Mais l’effet Goon du début à disparu : quand je l’ai découvert, dans la salle d’attente de mon tatoueur, je me suis régalé avec les premiers numéros. Du «comics» pur et dur, drôle, décalé, bourré de références, avec un héros au grand cœur dans un énorme corps de brute looké bad-boy made in prohibition* sur fond de légère teinture scénaristique. Du Picsou magazine trash quoi, reposant pour les neurones.
Seulement voilà, même à raison de seulement 3/4 de numéro par an, au bout de seize on s’ennuie un peu : les interventions de Tom Waits ou de Schwarzy, entre autres stars, ne suffisent pas à ranimer la flamme. Pourquoi Eric ne s’acoquine-t-il pas avec un complice à plume qui apporterait un peu de fraîcheur à cet univers qui fleure bon l’alcool frelaté et la sueur des rings, la chair en décomposition et les tacos ? Histoire de… De faire des histoires !

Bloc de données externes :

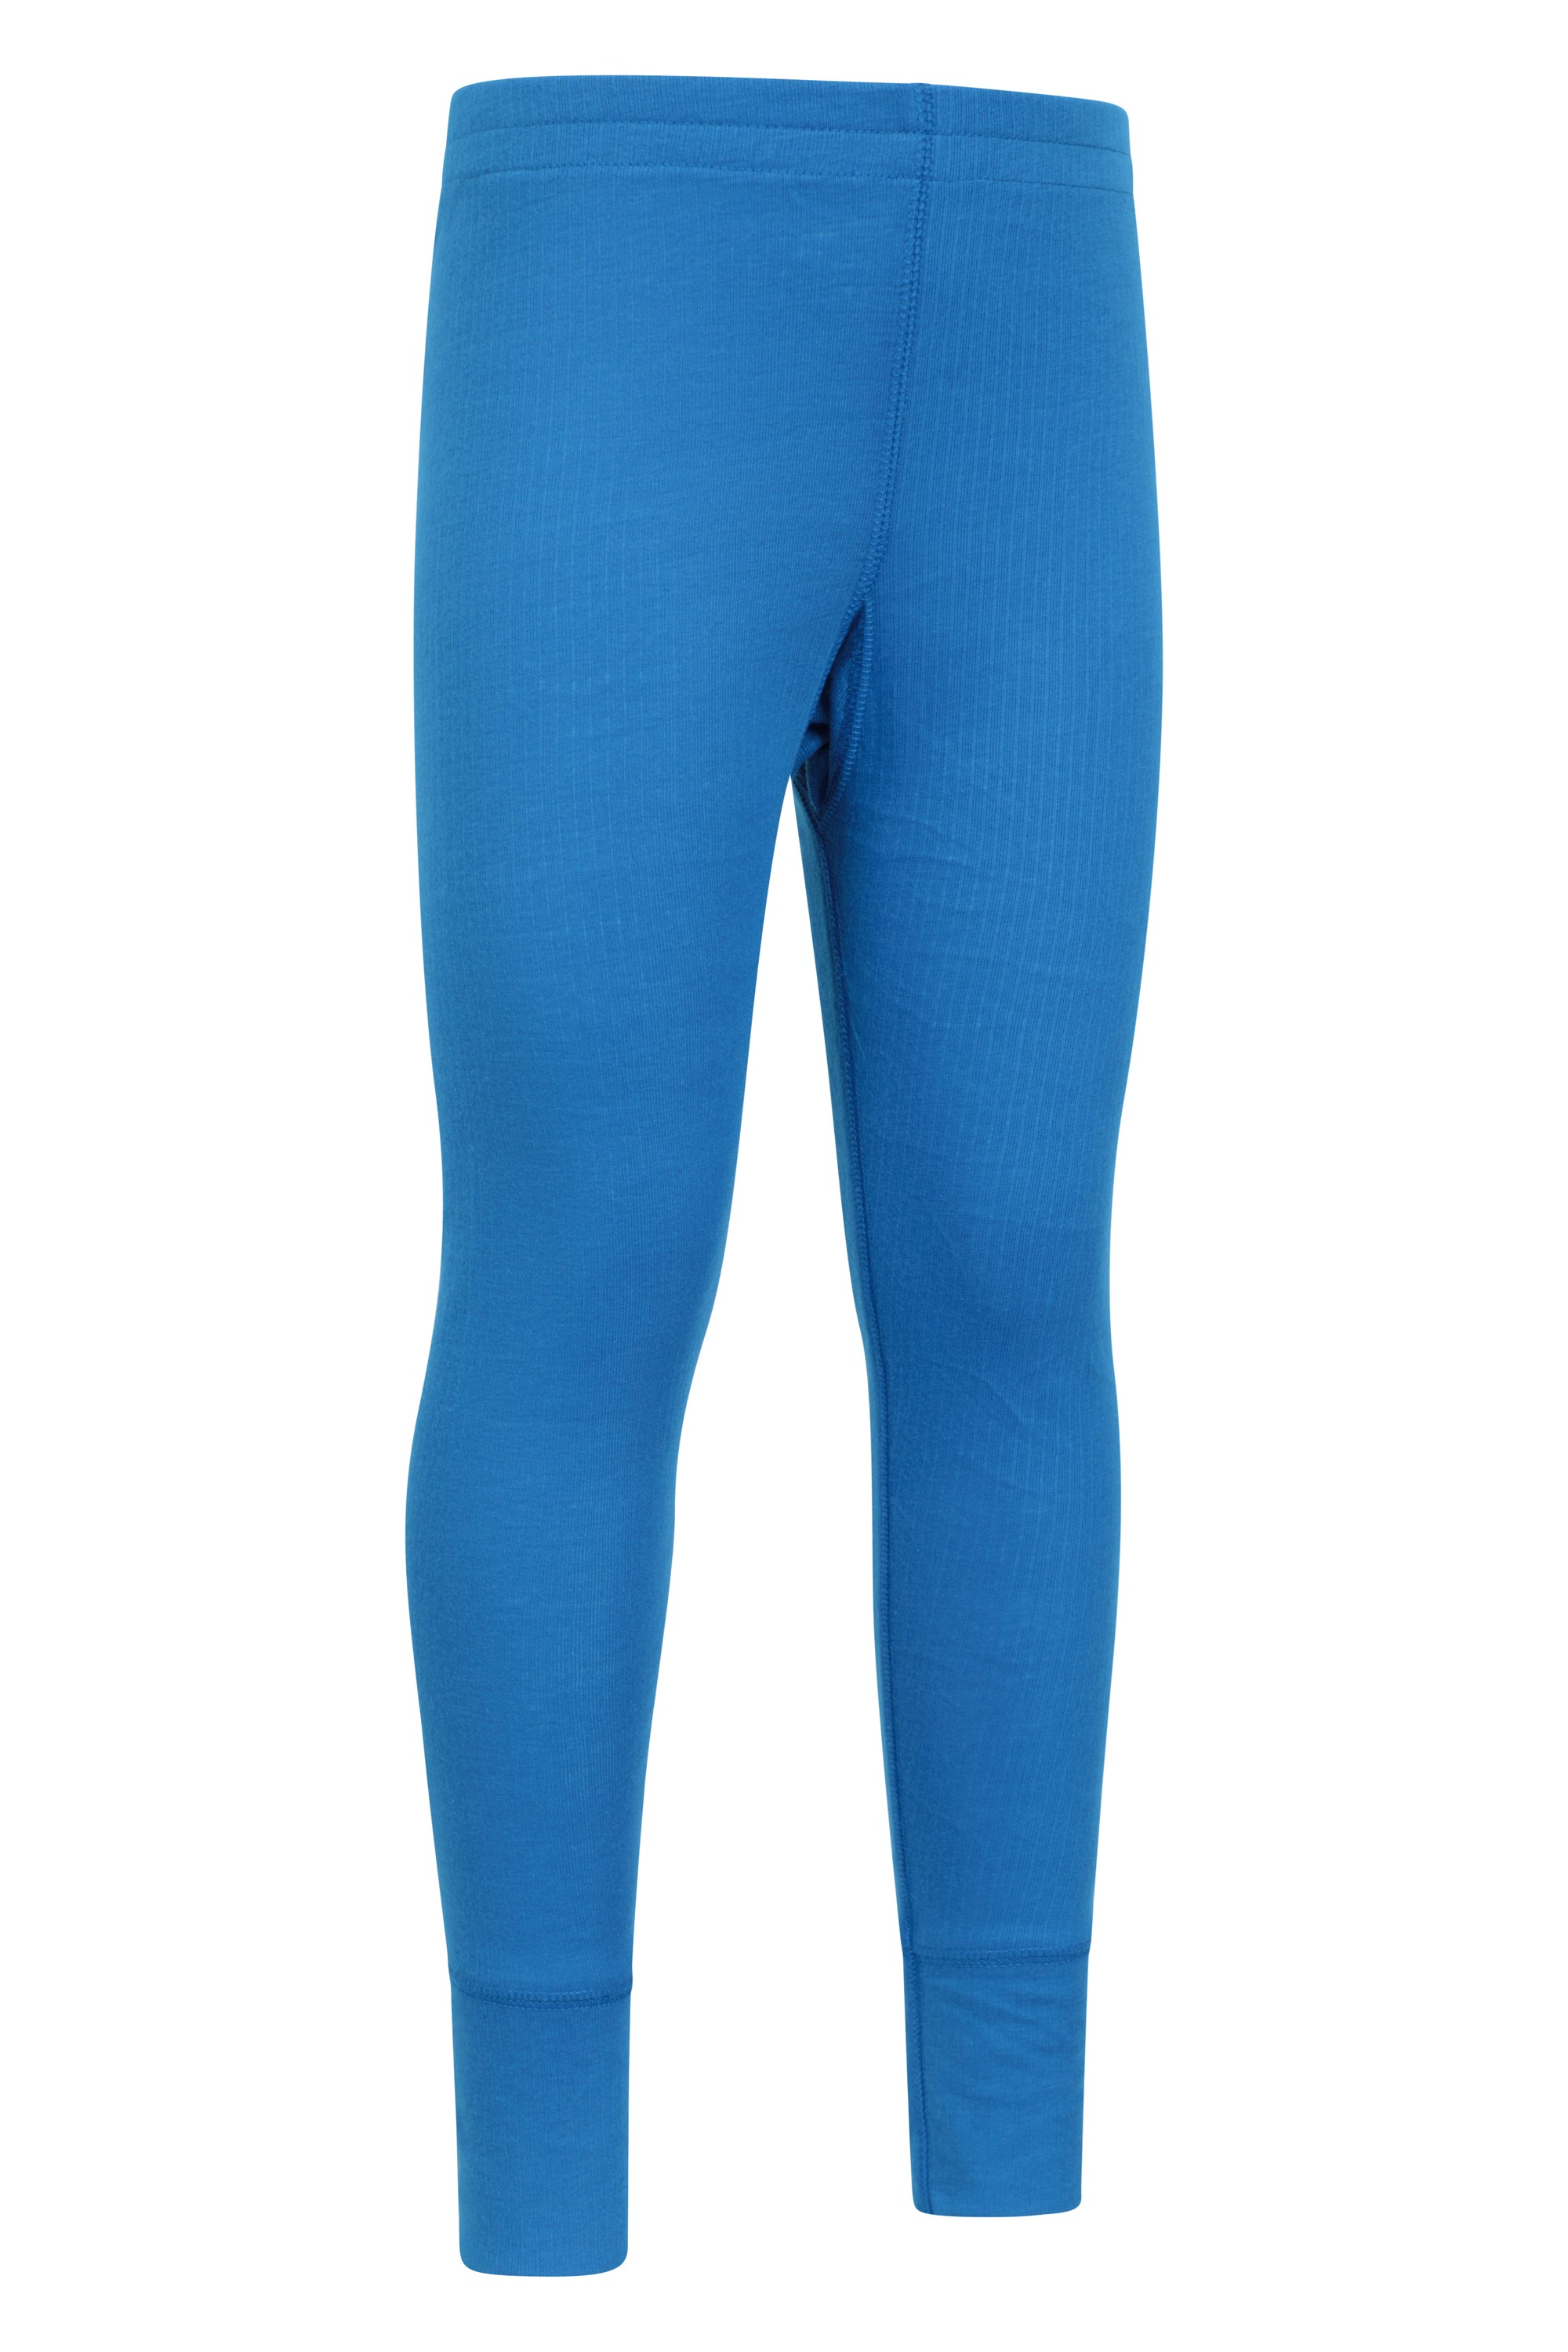 Thermal Underwear For Kids Thermal Long Johns Set Shirt & Pants Base Layer  Sport

Allez, tout de même, je le confesse, le chapitre central m’a bien amusé. Peut-être parce qu’il est principalement en Espagnol et que j’ai dû me replonger dans mes souvenirs de vacances pour traduire (Allemand seconde langue, entschuldigung) ; et surtout parce que j’adore cet être reptilien aux yeux globuleux et à la gueule pleine de dents, qui passe sans transition ni scrupules d’une passion carnassière pour les poulets à un embrasement charnel pour une plantureuse lavandière mexicaine. Ça c’est du Powell.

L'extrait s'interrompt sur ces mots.